A year ago we really couldn’t have imagined we would actually upend our lives in New York and make this move. Even in April 2016 when we saw this house for the first time, we still were daydreaming. There have been moments in the past 6 months that I’ve felt doubt - especially with the girls - their transition was rough. Now, I warm myself with the overwhelming feeling that we made the right choice. Maybe we feel that way because we are all in - there was never the possibility of turning back. Or maybe just because it really is the best thing for all of us. Either way, we are glad we are here.



January 2, 2017

Romy | 3 Years Old!



Three years old today. Little Romy Danda. Wild - always wants to be barefoot and free. I like her spirit. We go outside and I show her the sunset or a beautiful block of clouds or some trees and every time it is like she's been hit with a blast of elation. (deep breath in) "WOW!" Love it.
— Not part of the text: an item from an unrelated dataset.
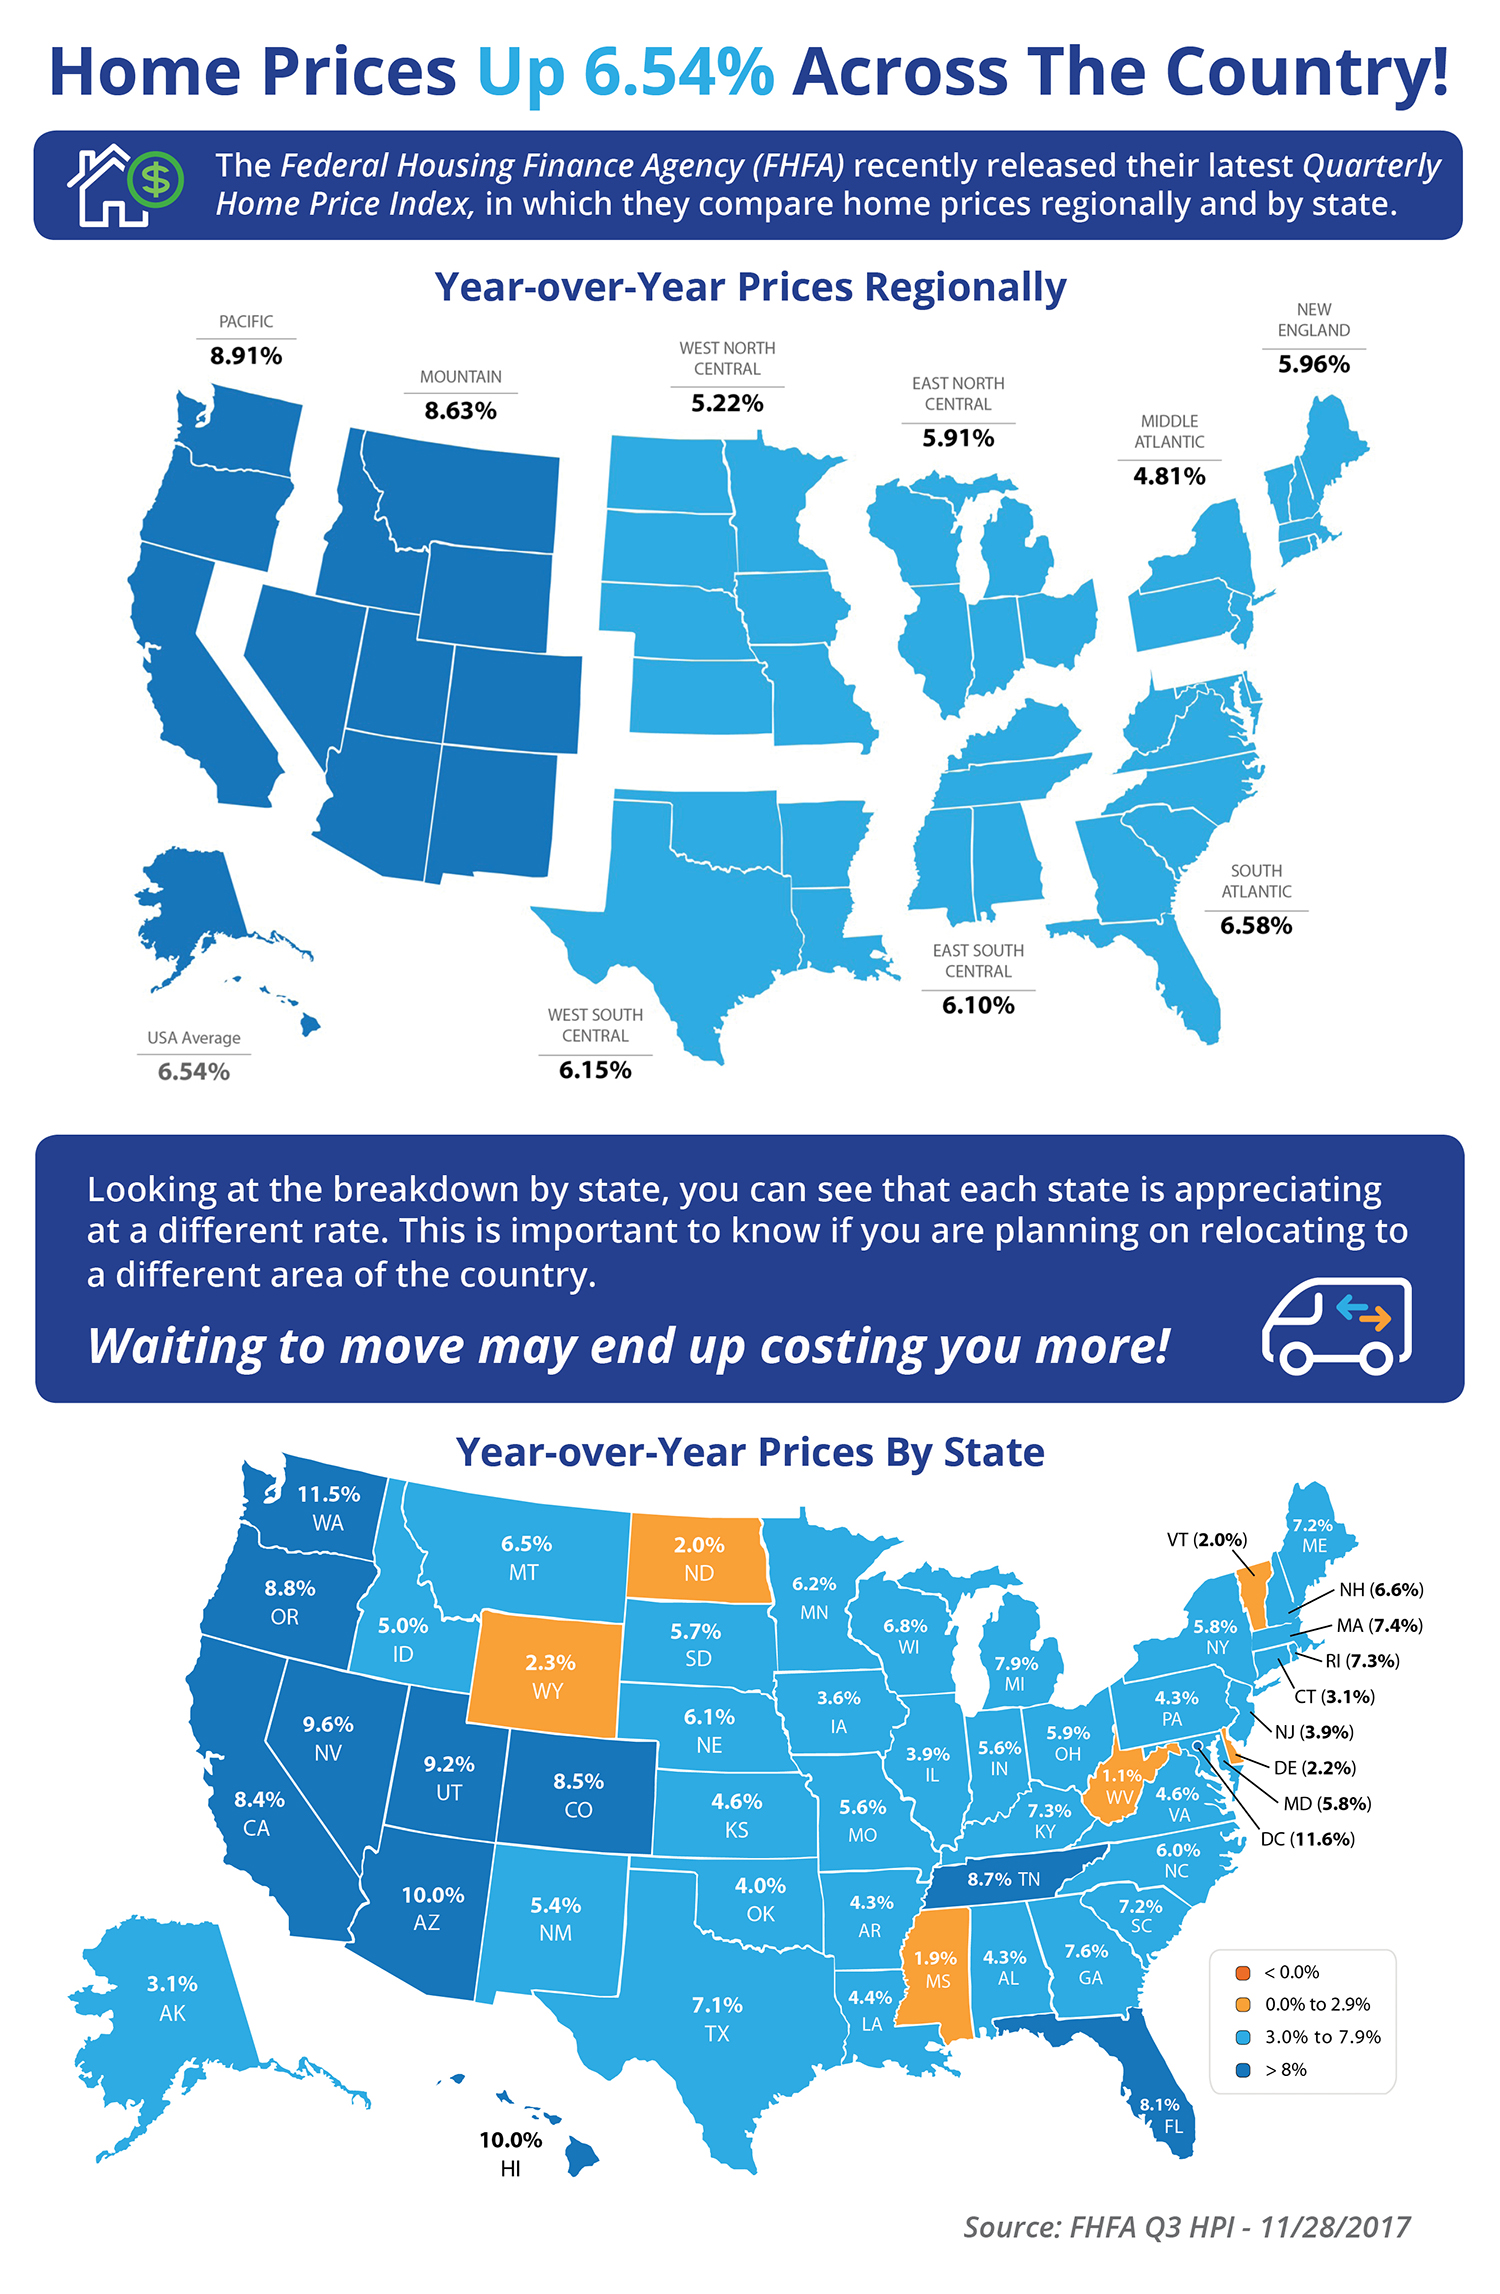 Home Prices Up 6.54% Across the Country! [INFOGRAPHIC] | Simplifying The Market

She is a good-natured kid. Colette sobbed and threw a fit during Romy's 'party' (since is wasn't hers) and Romy put on a sad face and said, "Poor Colette." Then she convinced her to dress up and play.











And Romy's birthday ushers in mimosa season. Love these winter blooms.

December 27, 2016

Noël in Provence: Horn/Organ Concert



Provence villages each celebrate the Noël season with public concerts and live crèches and Christmas markets. In our village, the local church (whose domes have blue hues to die for) hosted a hunting horn/organ concert. Colette and Xavier's mother were enthusiastic enough to join me (Colette was a total peach - the horn blowing lasted 2 hours). The horns players were arranged in a V shape - facing away from the audience. At first, the tooting sounded comical - like ducks. Then, paired with the church's massive organ, it was a beautiful fusion.






The church also has a Provençale crèche - ladies surrounding baby Jesus in typical Provence threads.